Conquanto admitamos essa medida como possibilidade eventual, não na
aprovaríamos senão em hipótese extrema, cuja iminência
não nos parece provável. Abolir a missão brasileira junto
ao Sumo Pontífice, em retorsão imediata à nomeação
do bispo Esberard, afigura-se-nos uma leviandade, condenada pelos interesses
da ordem republicana e da própria liberdade religiosa, pela qual estremece,
como nós, o coração patriótico do autor do projeto.

Nunca nos impressionou o argumento dos lógicos contra a consentaneidade
entre essa homenagem ao catolicismo, ou antes à importância dos
interesses sociais ligados a ele, num país onde esse culto é
de fato a religião nacional, e o princípio da absoluta liberdade
religiosa, que conquistamos em 7 de janeiro de 1890, e consolidamos em 24
de fevereiro de 1891. A lógica não pode ter no governo dos homens
a soberania, que os espíritos radicais lhe atribuem. Os estadistas
mais úteis aos Estados não têm sido os melhores exemplares
de dialética aplicada. Quem não tiver a coragem, algu­mas
vezes, de sacrificar à contradição, divindade im­pe­­riosa,
que, desde o princípio dos tempos, reina, pelo título indiscutível
da necessidade, sobre uma vasta parte dos interesses humanos, há de
forçosamente sacrificar ao capricho dos sistemas, ídolo vão,
cujos benefícios a humanidade não conhece. Costuma-se dizer
que os princípios são tudo.
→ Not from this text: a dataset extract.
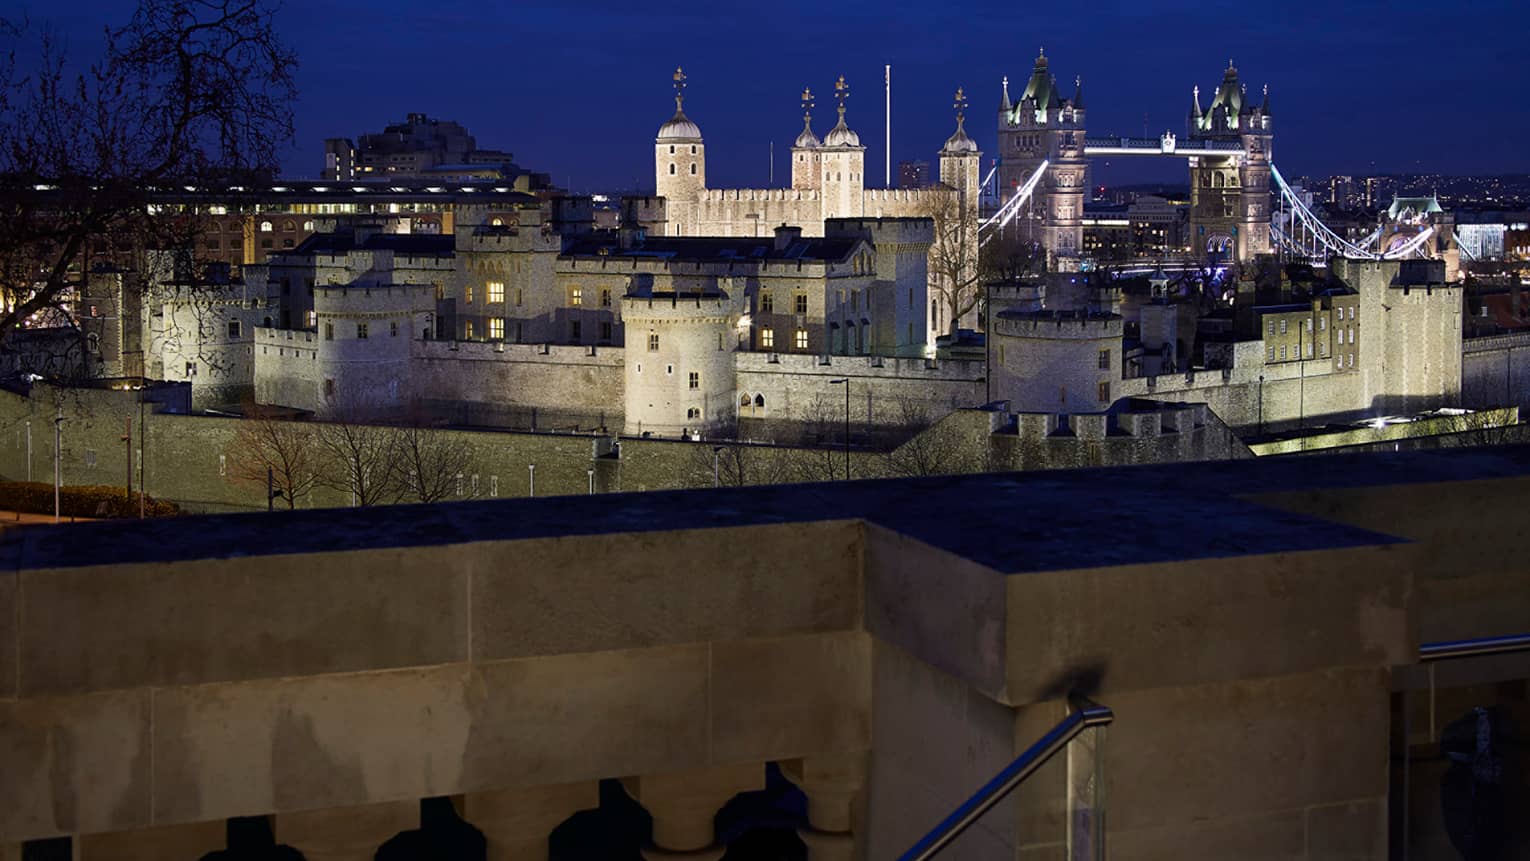 View over wall to Tower Bridge and the Tower of London at night

Não seríamos nós
quem contestasse esta verdade, sensatamente en­ten­dida. Cultor mais
devoto deles do que nós, não queremos que o haja. Mas o primeiro
de todos os princípios é o da relatividade prática na
aplicação deles à variabilidade infinita das circunstâncias
dominantes. Estas não raro nos impõem transigir, a benefício
das grandes leis, das grandes verdades, das grandes garantias liberais, cuja
essência é sagrada, com a exterioridade de certas formas, cujo
antagonismo superficial pode traduzir uma cooperação valiosa
para resultados superiores.

Escola entre todas venerável da arte dessas transações
oferecem-nos os Estados Unidos. Ali teve seu berço o dogma contemporâneo
da independência dos cultos; ali encontra ele o seu padrão prático
mais completo, mais eloqüente, mais prestigioso. Nossa Constituição,
a esse respeito, é apenas, com relação à deles,
uma cópia menos correta do que o original. Nem por isso, entretanto,
o cris­tianismo deixa de estender ali o seu manto sobre as instituições
secularizadas, envolvendo na solenidade de sua consagração os
atos mais sérios da política, da administração
e da justiça americana.

Washington, na sua fala inaugural, proferida em 30 de abril de 1789, não
julgou desacatar os princípios constitu­cionais, de que foi o primeiro
e o mais severo executor, abrigando a sua investidura no poder sob uma esplêndida
invocação cristã: “Seria singularmente impróprio”,
dizia o au­gus­to patriarca, “omitir, no primeiro dos nossos
atos oficiais, as nossas mais fervorosas súplicas a essa Onipotência,
que rege o universo, que preside aos conselhos das nações, e
cujo auxílio providencial pode remediar todos os defeitos humanos,
exorando-a a sagrar, com as suas bênçãos, à liberdade
e felicidade do povo um governo por ele mesmo instituído para esses
fins essenciais, predispondo os instrumentos empregados em sua administração
a desempenharem com acerto as funções de sua tarefa. Rendendo
este preito ao grande Autor de todo o bem, público, ou privado, exprimo
não menos os vossos sentimentos do que os meus, não menos os
da nação em geral do que os nossos.” Oito anos depois
(setembro de 1796) a sua mensagem de adeus ao povo americano ardia no mesmo
espírito de adoração pública, como o cibório
de um templo.

Essa tradição perpetuou-se. Todos os presidentes dos Estados
Unidos, em seus discursos inaugurais, em suas mensagens ânuas, em vários
outros documentos oficiais, falando à opinião, abrindo as câmaras
legislativas, ou fixando ao povo dias de jejum e ação de graças,
reconhecem, mais ou menos positivamente, a dependência entre a vida
nacional e essas supremas inspirações religiosas, que unem,
apaziguam e moralizam as nações. Jefferson foi o único
presidente, que teve escrúpulos constitucionais em decretar datas de
oração e sacrifício público. Mas deixou esse cuidado
ao poder executivo nos Estados, e, divergindo de seus predecessores, não
quis negar aos sucessores o direito de fazer o que, segundo ali se pensa,
se não é expressamente autorizado, ainda menos proibido é
na Constituição. Os discursos mais solenes de Lincoln durante
a guerra civil são, às vezes, ver­da­deiros salmos,
de uma unção que os livros sagrados não excedem. Chefe
da nação retalhada pela guerra fratricida, sua palavra soava
como a prédica de um profeta, entre as duas partes beligerantes, “ambas
as quais”, dizia ele, “lêem a mesma Bíblia, e oram
ao mesmo Deus, invocando-o uma contra a outra”.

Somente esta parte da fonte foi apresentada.